The contentment of this world and the contentment of God cannot exist side by side. One is the gift of Satan; one is the gift of God. Jesus’ temptation was for a purpose. It was to show that his hunger had purpose. It was to show that his hunger was much more important than anything his body was screaming for. His life would be daily denial, not that he went without, but that it all was so very unimportant.
Listening to your body means your passions tell you how to live, what to see, where to go, when to stop. Life is seeing, and you can’t do that if you’re focused on feeding. Life is obeying, and you can’t do that if you’re focused on feeding. Phil 3.18-20:
Many live as enemies of the cross of Christ; I have often told you of them, and now I tell you even with tears. Their end is destruction; their god is the belly; and their glory is in their shame; their minds are set on earthly things. But our citizenship is in heaven.

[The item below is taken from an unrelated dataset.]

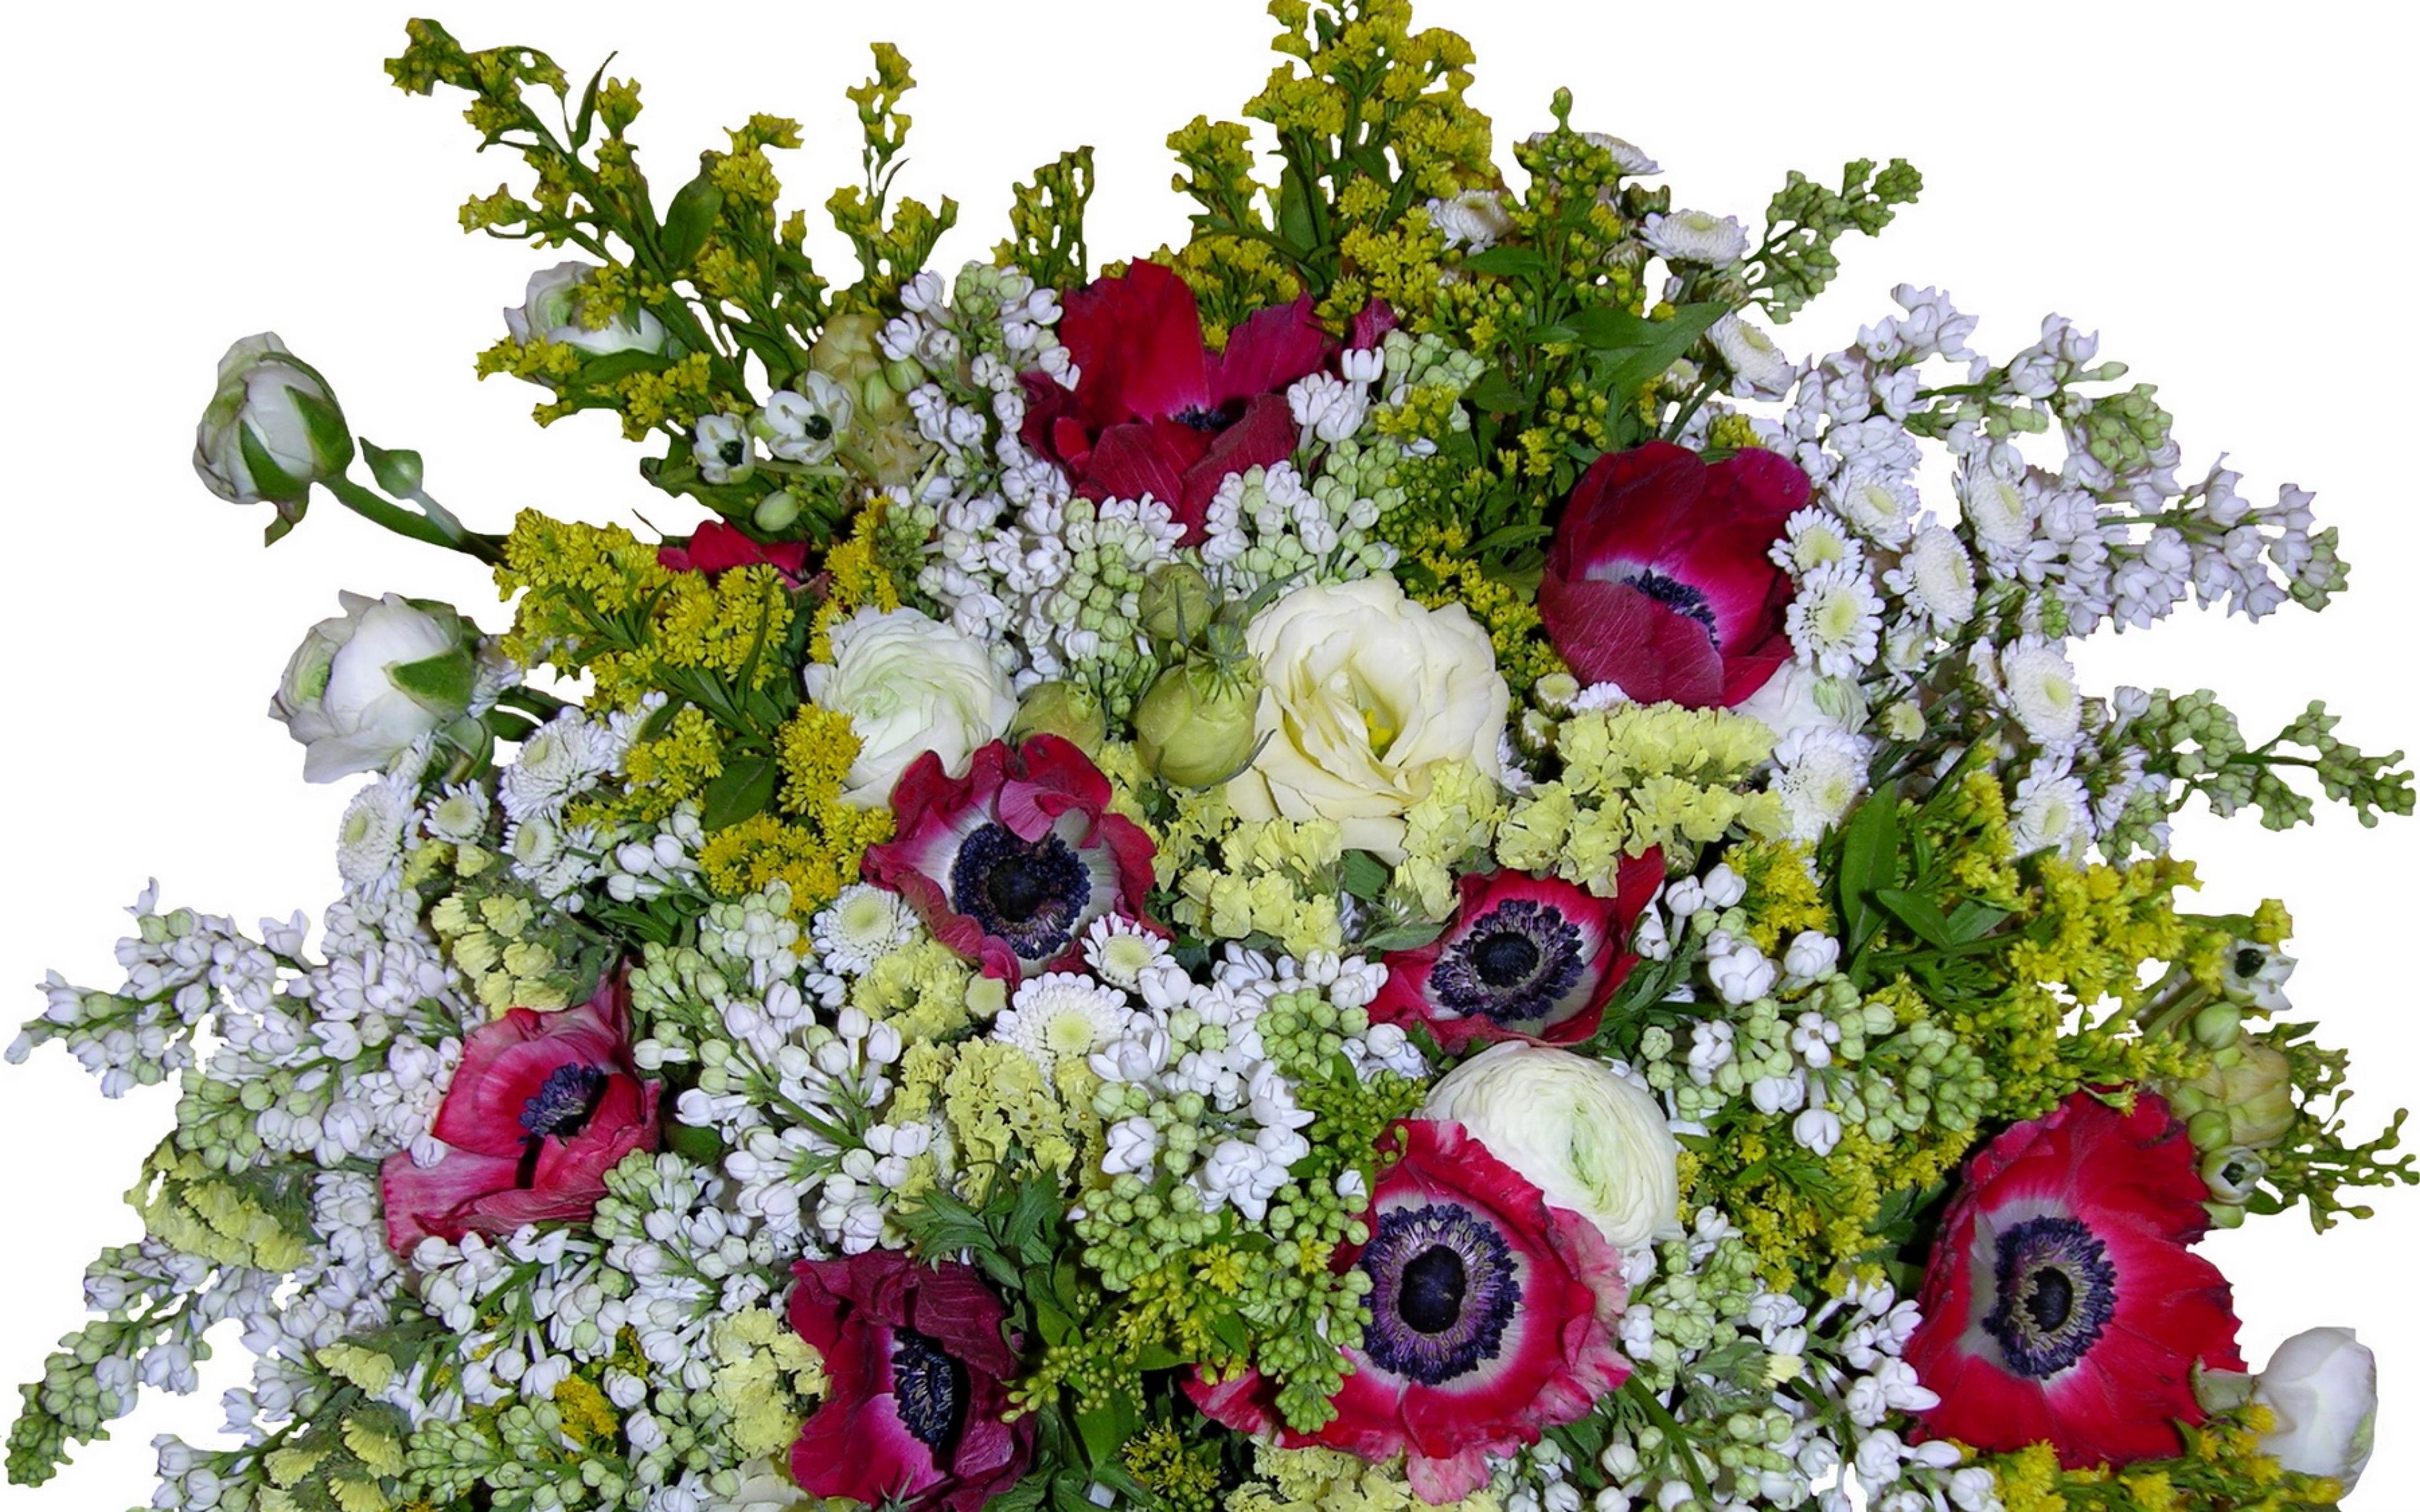 Flower Bouquet Pictures

In Phil 4.11-12 Paul says he has learned the secret of being content. Paul is not saying the secret is learning to live with little without envying those who have plenty, or learning to live with plenty without being sidetracked by it. That is a human struggle no one can win: it will fail.
Paul is saying his hunger is a different hunger and is satisfied by a different food. The human desires and needs are still there, but the hunger God has given is exceedingly more powerful and is not satisfied with mere food or things. In fact, those things prevent him from being content because his hunger is satisfied only by the “food” God gives, and that food is not given if he is also gratifying his human desires. Those other things are a pathetic and depressing alternative, and would never leave him contented.
[What does it mean: water gushing up so we will never thirst? Bread from heaven? We take them as nothing but spiritual talk. What good is it? What difference does it make? Possibly the reason we don’t understand the text is that we don’t know what this water and bread are. Did we have a thirst that Jesus satisfied? Do we have a hunger that Jesus replaces with something better? Do we have Jesus’ thirst? Do we have Jesus’ hunger? I think not. I think we accept the words without having any idea what they mean.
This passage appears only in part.